Prolonged dry spell in Gujarat may see edible oil prices spike up

Virendra Pandit | | Updated on: Mar 12, 2018

groundnut

Although the late monsoon rains have drenched most of Gujarat now, solving at least the drinking water problem, the State is likely to lose over 90 per cent of its groundnut crop and groundnut oil in the coming months, leading to a sharp increase in prices of the one edible oil most people in this western State use in abundance as part of their daily meals and even snacks and porridge (khichdi).

Until a decade ago, the powerful oil lobby in Gujarat, led by the Patels of Saurashtra, called the shots in Gujarat’s politics, economy and other fields. Known as the ‘Telia Rajas’, the bigwigs also invested in setting up small and medium industries in diverse sectors.

But, with the cash crop of cotton slowly replacing groundnut in many areas, particularly in the Saurashtra region, things began to change, until this year Gujarat finds itself facing its own oil crisis.

Acreage-wise, Gujarat should have a normal 15,88,200 hectare (ha) under the groundnut crop each year. But, with the area under oilseeds falling each year, sowing was done only in 14,27,100 ha in the previous kharif season (2011). This year, it decreased even further to 11,87,600 ha, which is only 75 per cent of the normal acreage, a Government official said.

Even though the shortfall in acreage of groundnut is 25 per cent, the prolonged dry spell in the June-September period is likely to destroy more than 90 per cent of this oilseed crop.

By mid-September, when the Agriculture Department commences a review of the actual post-monsoon scenario, Gujarat would likely lose about 95 per cent of the groundnut crop.

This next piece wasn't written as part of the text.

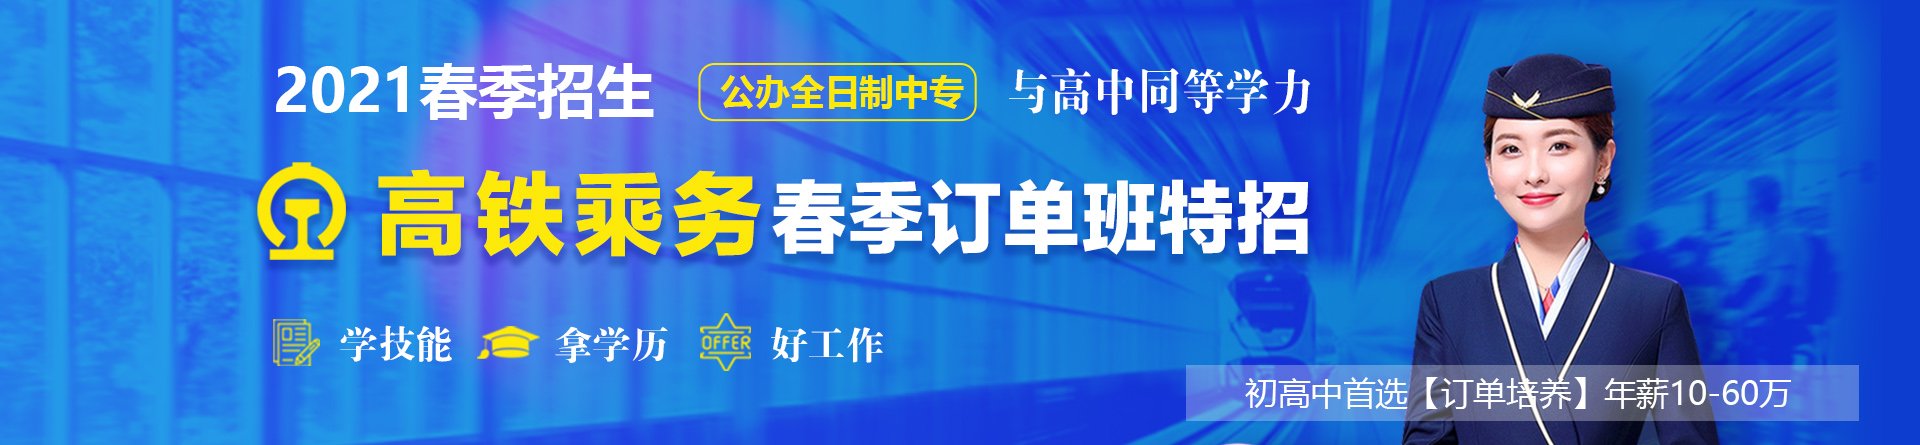 郑州高铁乘务专业
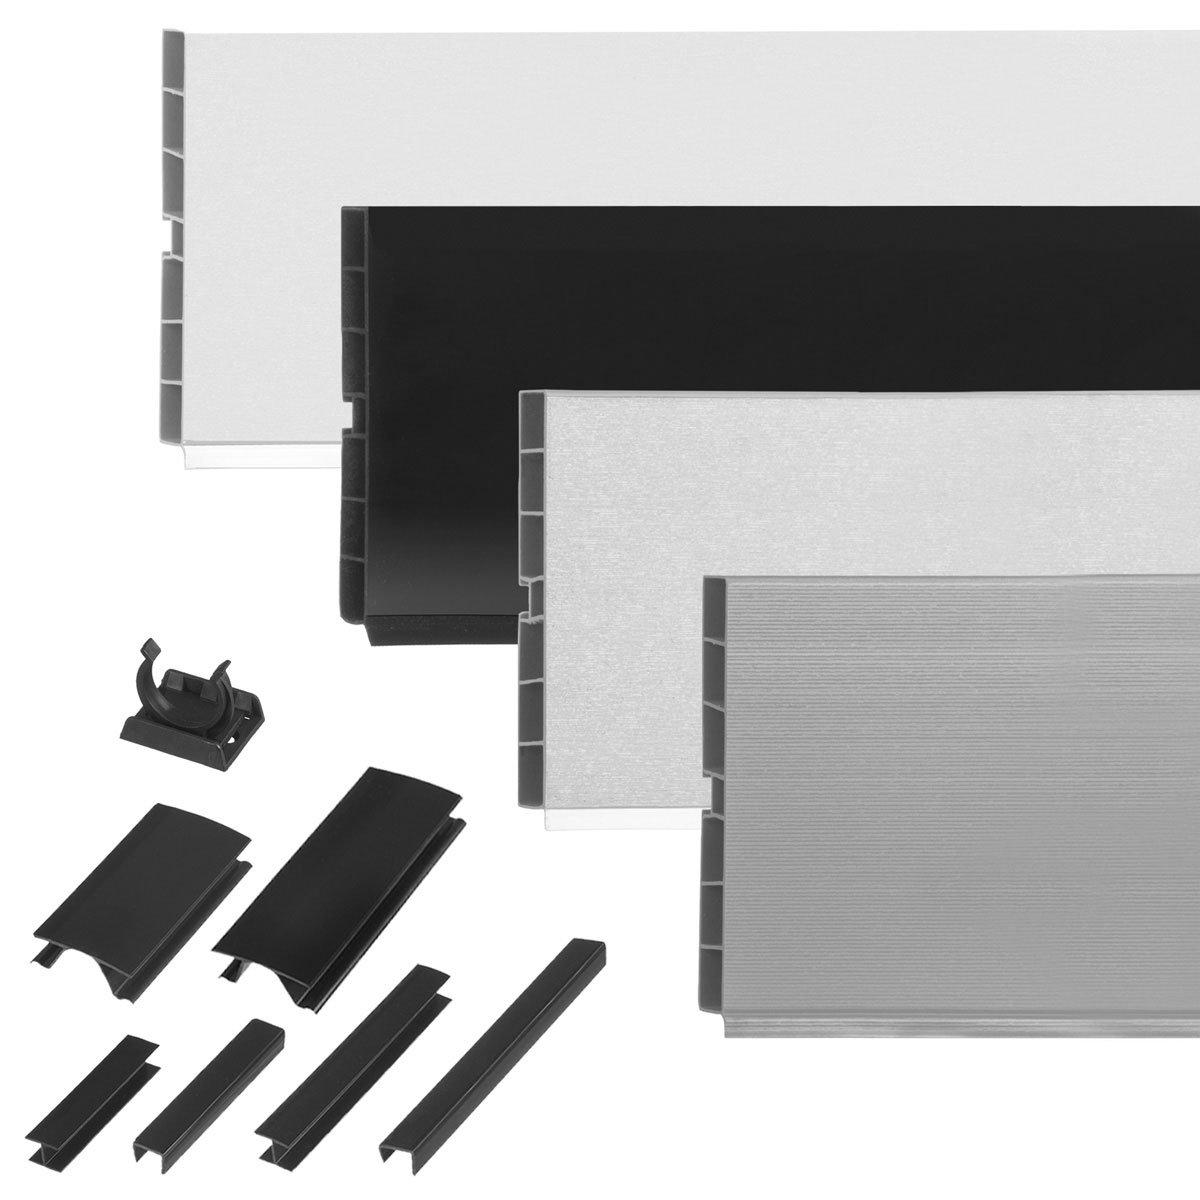 HOLZBRINK Acabado para Base de Z/ócalo para Cocina de M/ódulos Altura 100 mm blanco alto brill HBK10

“We would be lucky if we could save even 5-7 per cent of the crop still standing in the fields,” Samir Shah, President, Saurashtra Oil Mills Association (SOMA) told Business Line today.

This drastic fall in oilseed and edible oil production is likely to lead to a very sharp rise in price in the coming months, he said. On Tuesday, a 15-kg tin of groundnut oil was priced at Rs 2,150, he said.

Other oilseeds would fare no better, except soya bean, which, Shah said, has seen a good crop in neighbouring Madhya Pradesh and Maharashtra.

In Gujarat, the normal area under soya bean sowing, 85,700 ha, shrunk to 85,300 ha in 2011 and 82,800 ha this kharif season. The area under sesamum has also decreased from the normal of 2,08,800 ha to 1,73,100 in 2011 and only 55,300 ha this year. The area under castor, which had increased from the normal 6,14,900 ha to 6,81,400 in 2011, has reduced to 3,64,200 ha this year.

Overall, only 68 per cent of the normal acreage of oilseeds has been cultivated this year in the State. This 34 per cent shortfall may translate into an oil crisis.